Во-первых, психологическая нагрузка, во-вторых, физическая усталость превратили меня в выжатый лимон. Если честно, эта усталость была такой, что не хотелось ничего: порой, даже просто шевелиться. Она была связана с окончанием средней школы и предстоящим выбором, вернее, что особенно удручало, воплощением в жизнь уже выбранного для меня родителями (без права обсуждения и какой-либо коррекции) жизненного пути. Как нас учили и настраивали в семье и школе вкупе с комсомолом: один раз и навсегда. Какая глупость! В связи со всем этим мне предстоял еще один напряженный этап – поступление в выбранный родителями институт – и только в институт! - другого даже не предполагалось, со сдачей все тех же, сданных в школе всего месяц назад экзаменов.
Сейчас все по-другому: может, проще, а может, наоборот гораздо сложнее.
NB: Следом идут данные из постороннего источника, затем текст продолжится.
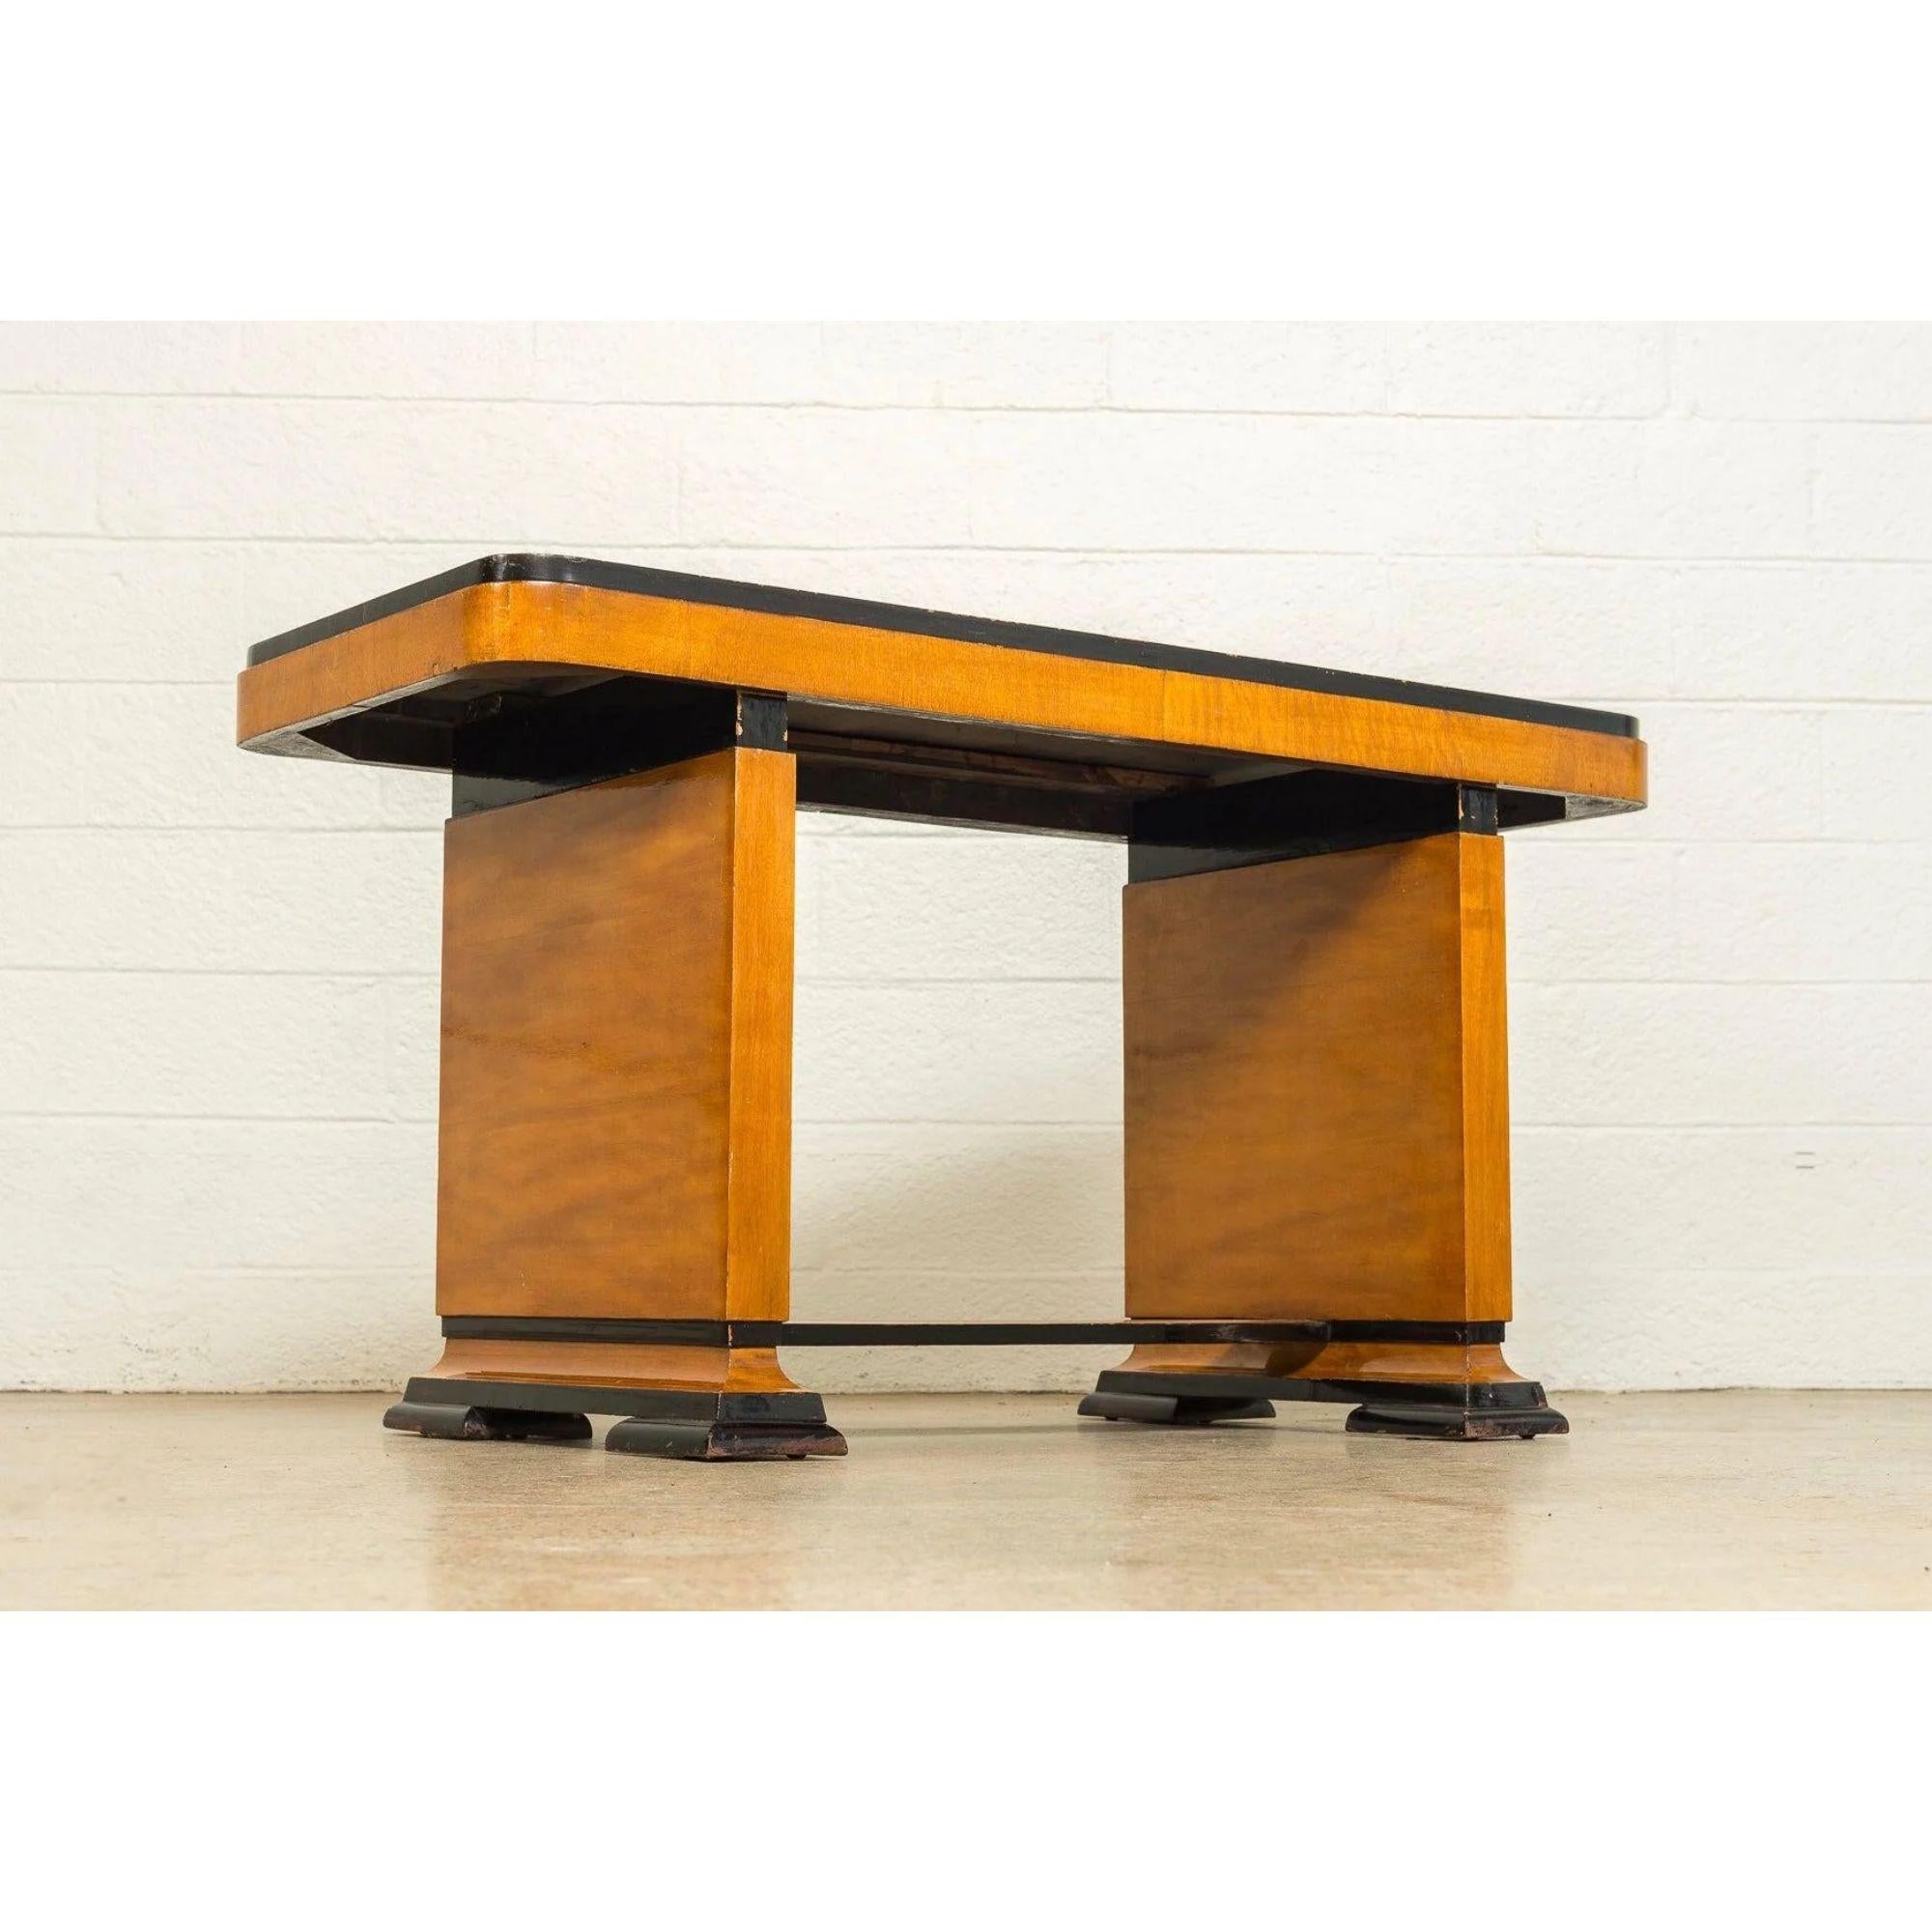 20th Century Art Deco Table or Writing Desk in Maple Wood with Ebonized Accents, circa 1930 For Sale

Современные абитуриентские правила экзаменационной игры или, если угодно, современного экзаменационного фарса: ЕГЭ, деньги, связанные со сдачей выпускных, вступительных, текущих экзаменов – вызывают у меня полное их неприятие. Говорю об этом не понаслышке, все-таки три моих дочери получили высшее образование, и я достаточно часто видел алчные глаза бессовестных и не всегда грамотных "педагогов". Конечно, есть добросовестные, честные и умные преподаватели, но их, к сожалению, остается все меньше и меньше. Мы же в годы нашей молодости и юности даже представить себе не могли, что можно "купить экзамен", и что кто-либо из наших уважаемых учителей осмелится взять за это деньги. Нас учили думать, знать, мыслить, принимать решения, сдавать экзамены без шпаргалок. Нас старались сделать образованными, нужными себе и обществу людьми, а не натаскивали, как ... (не хочу быть грубым – оставлю многоточие) на сдачу экзаменов. Все, что мы учили в школе, институте, на курсах усовершенствования до сих пор лежит на своих полочках в моей голове и бывает востребовано по мере необходимости без каких-либо напрягов, согласуясь с окружающей действительностью, и это правильно.
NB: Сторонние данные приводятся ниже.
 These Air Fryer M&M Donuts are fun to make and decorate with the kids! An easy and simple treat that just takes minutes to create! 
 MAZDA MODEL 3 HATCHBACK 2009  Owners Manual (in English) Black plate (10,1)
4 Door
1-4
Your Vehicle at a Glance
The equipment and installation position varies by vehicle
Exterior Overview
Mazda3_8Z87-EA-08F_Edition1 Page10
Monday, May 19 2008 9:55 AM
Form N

Я знаю таблицу умножения наизусть, чего не могу сказать о своих внуках. Они знают калькулятор. Отними его у них и все – закончилась математика. Это страшно...
Конечно, справедливости ради скажу, что и в наше время были "protege". Но, во-первых, их были единицы, а во-вторых, чтобы как сейчас все решали деньги, вот так – нагло, в открытую, не стесняясь и не боясь никого и ничего, а главное, безнаказанно...
Мои дети, которым сейчас уже за тридцать, застали еще то благодатное время, и я рад этому: их так же, как и нас, учили умные, добрые, справедливые педагоги, но это были "последние из могикан", с их уходом на пенсию в системе образования произошла катастрофа. Моим внукам уже не повезло. ШКОЛЫ в моем понимании сегодня нет, УЧИТЕЛЕЙ и ПЕДАГОГОВ единицы. Да что скрывать: и жажды знаний у учеников практически не осталось. Им в школе не интересно, им не сделана "прививка этой жажды" ни родителями, ни учителями, ни жизнью: дети интуитивно чувствуют и остро ощущают свою будущую жизненную невостребованность.
Меня коробит, когда я слышу: "Пойду в школу – потусуюсь!" Слово-то какое: не пообщаюсь, не поговорю, не поиграю, не поучусь, а так, как говорят в нашей деревне, "подригáюсь" или "поблóндюсь", то есть бесцельно поперемещаюсь с места на место...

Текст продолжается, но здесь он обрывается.